Program Counter (PC)
The program counter (PC) stores the memory address of the next instruction to be fetched.
  • After an instruction is fetched, the PC is incremented to point to the following instruction.
  • If a jump or branch instruction occurs, the PC may be updated to a different address.
  • It ensures that instructions are executed in the correct sequence.

Memory Address Register (MAR)
The memory address register (MAR) stores the address of the memory location that is about to be accessed.
  • It holds addresses for both read and write operations.
  • The address stored in the MAR is sent to memory via the address bus.
  • It is used whenever data or instructions need to be fetched from or stored in memory.

Memory Data Register (MDR)
The memory data register (MDR) stores data that is being transferred between the CPU and memory.
  • When data is read from memory, it is placed in the MDR.
  • When data is written to memory, it is first placed in the MDR before being sent.
  • It temporarily holds instructions or data during memory operations.

Accumulator (AC)
The accumulator (AC) stores intermediate results of arithmetic and logical operations.
  • It is closely linked to the ALU.
  • Results produced by the ALU are often stored in the accumulator.
  • The accumulator may also hold one of the operands for an ALU operation.

Role of Registers in the Fetch–Decode–Execute Cycle
During program execution:
  • The PC identifies the next instruction.
  • The MAR holds the address of that instruction.
  • The instruction is transferred via the MDR and stored in the IR.
  • The CU decodes the instruction.
  • The ALU processes data using values stored in registers such as the accumulator.
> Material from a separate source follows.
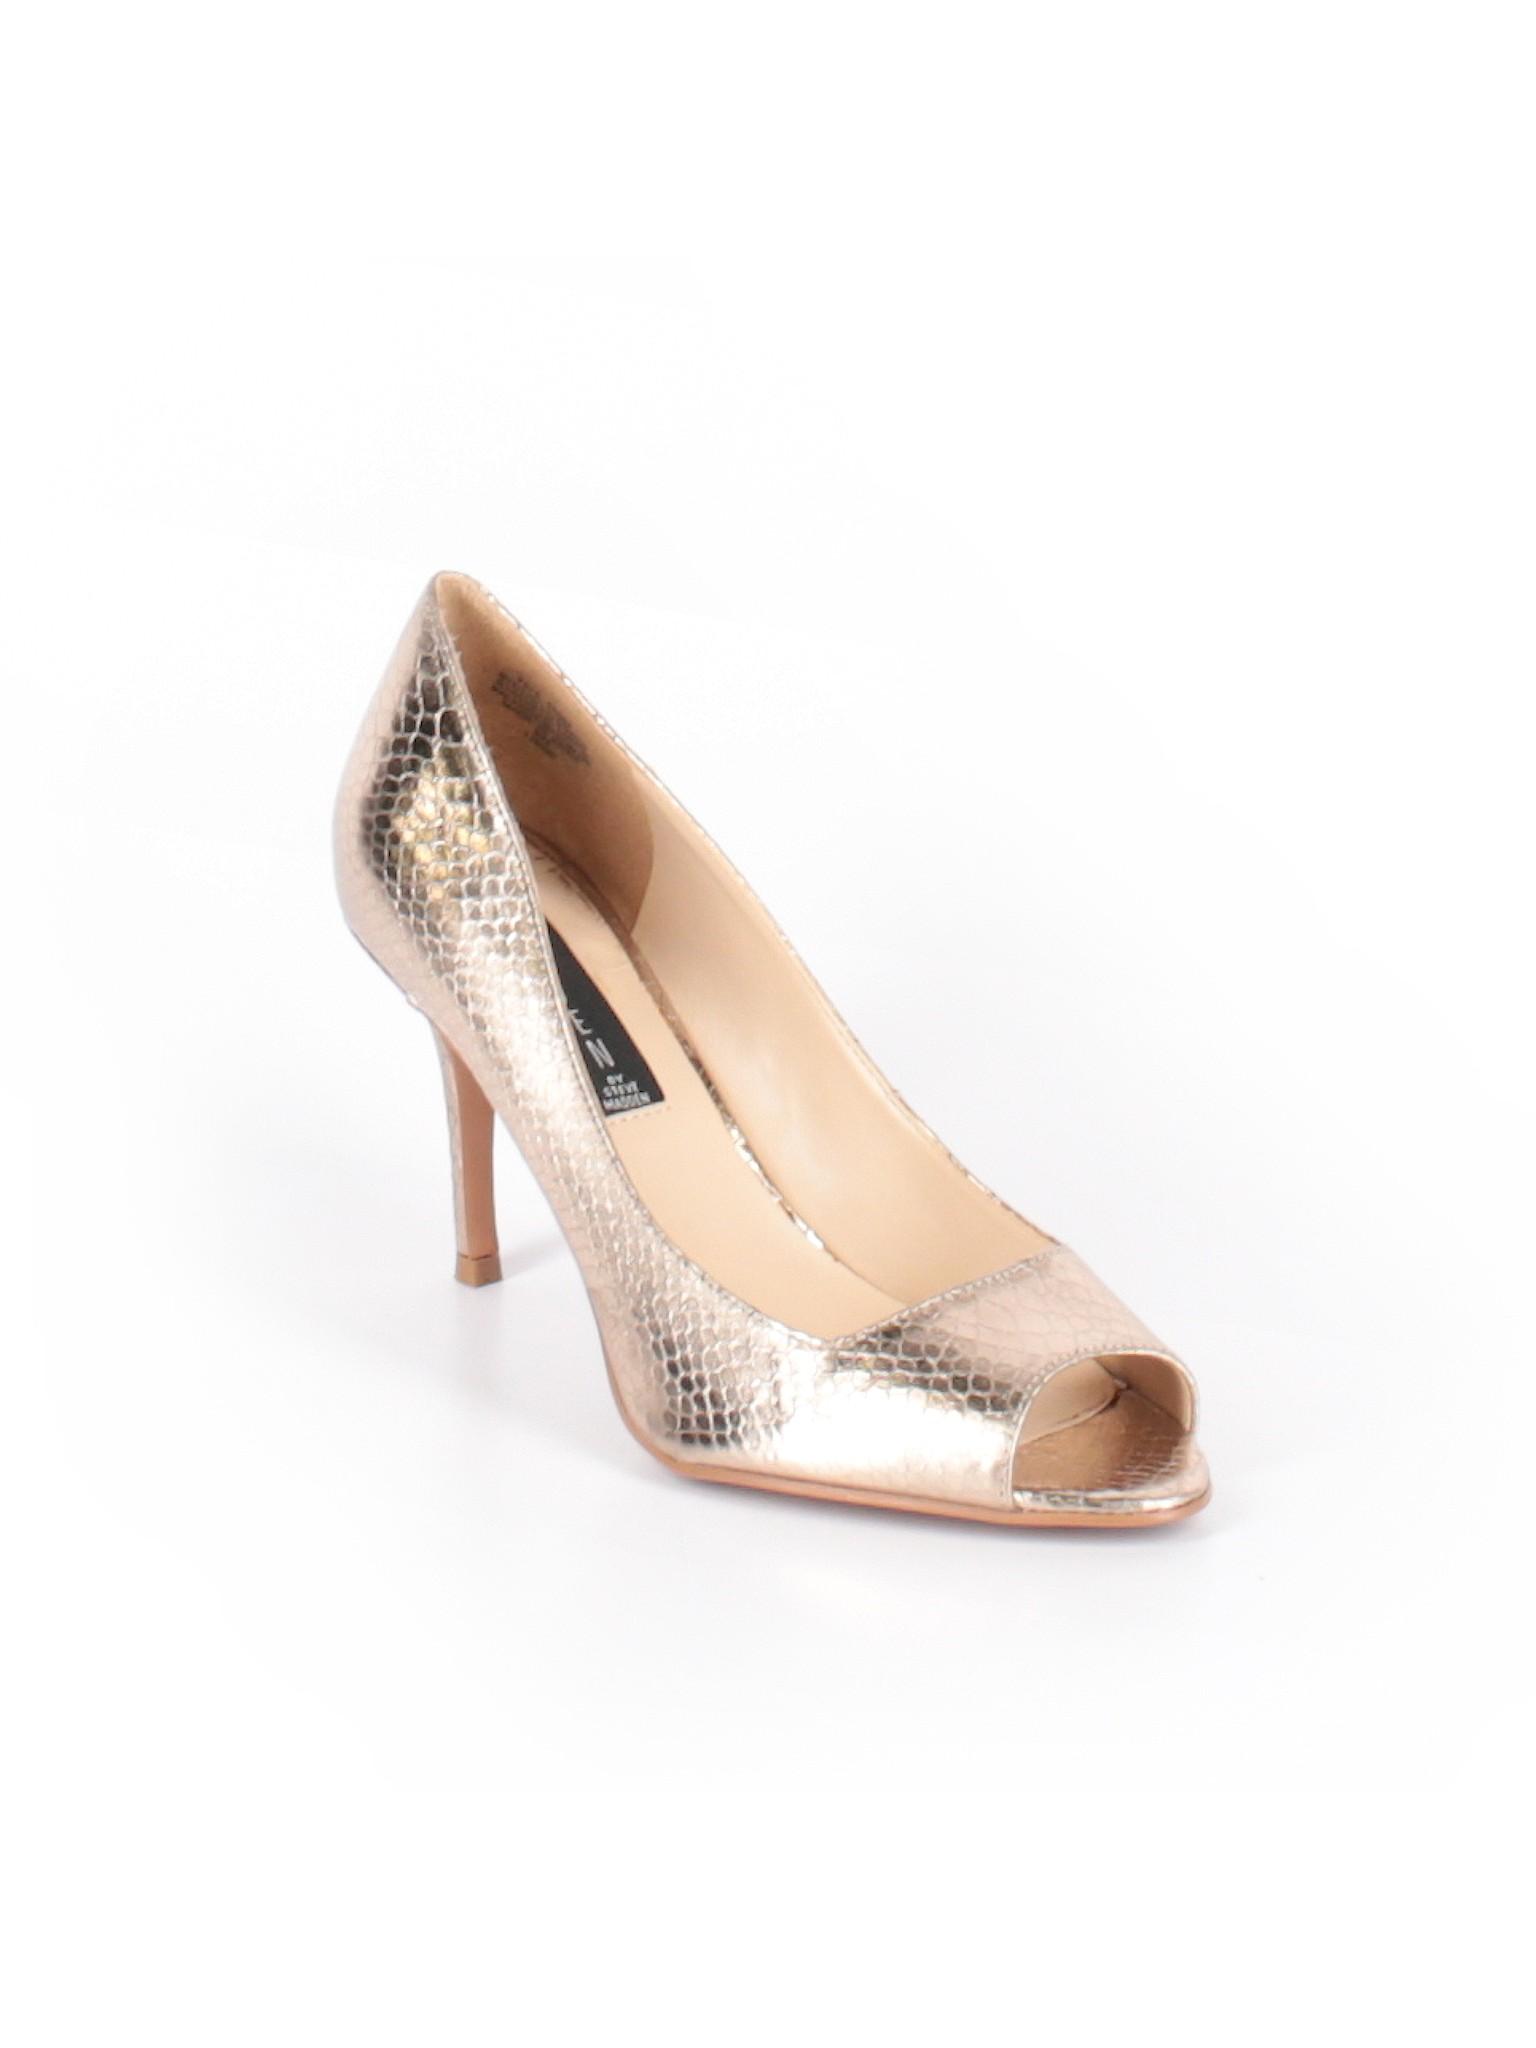 Boutique Heels Steve Madden by promotion Steven ByWr4aPB

Registers enable fast and efficient instruction execution by reducing the need for constant access to main memory

SECTION 2 | BUSES

Whilst there are many different types of computer architecture in current technology, John von Neumann​ was a pioneer of the principle that modern processors follow.  This section closely relates to the basic Von Neumann concept of CPU architecture.
THE SYSTEM BUS
The system bus refers to the method in which data and signals are transferred throughout a computer system.​ Data travels through various medium such as cables, ribbons and tracks on a circuit board. Where processor fundamentals are concerned there are three different Bus systems each with their own purpose.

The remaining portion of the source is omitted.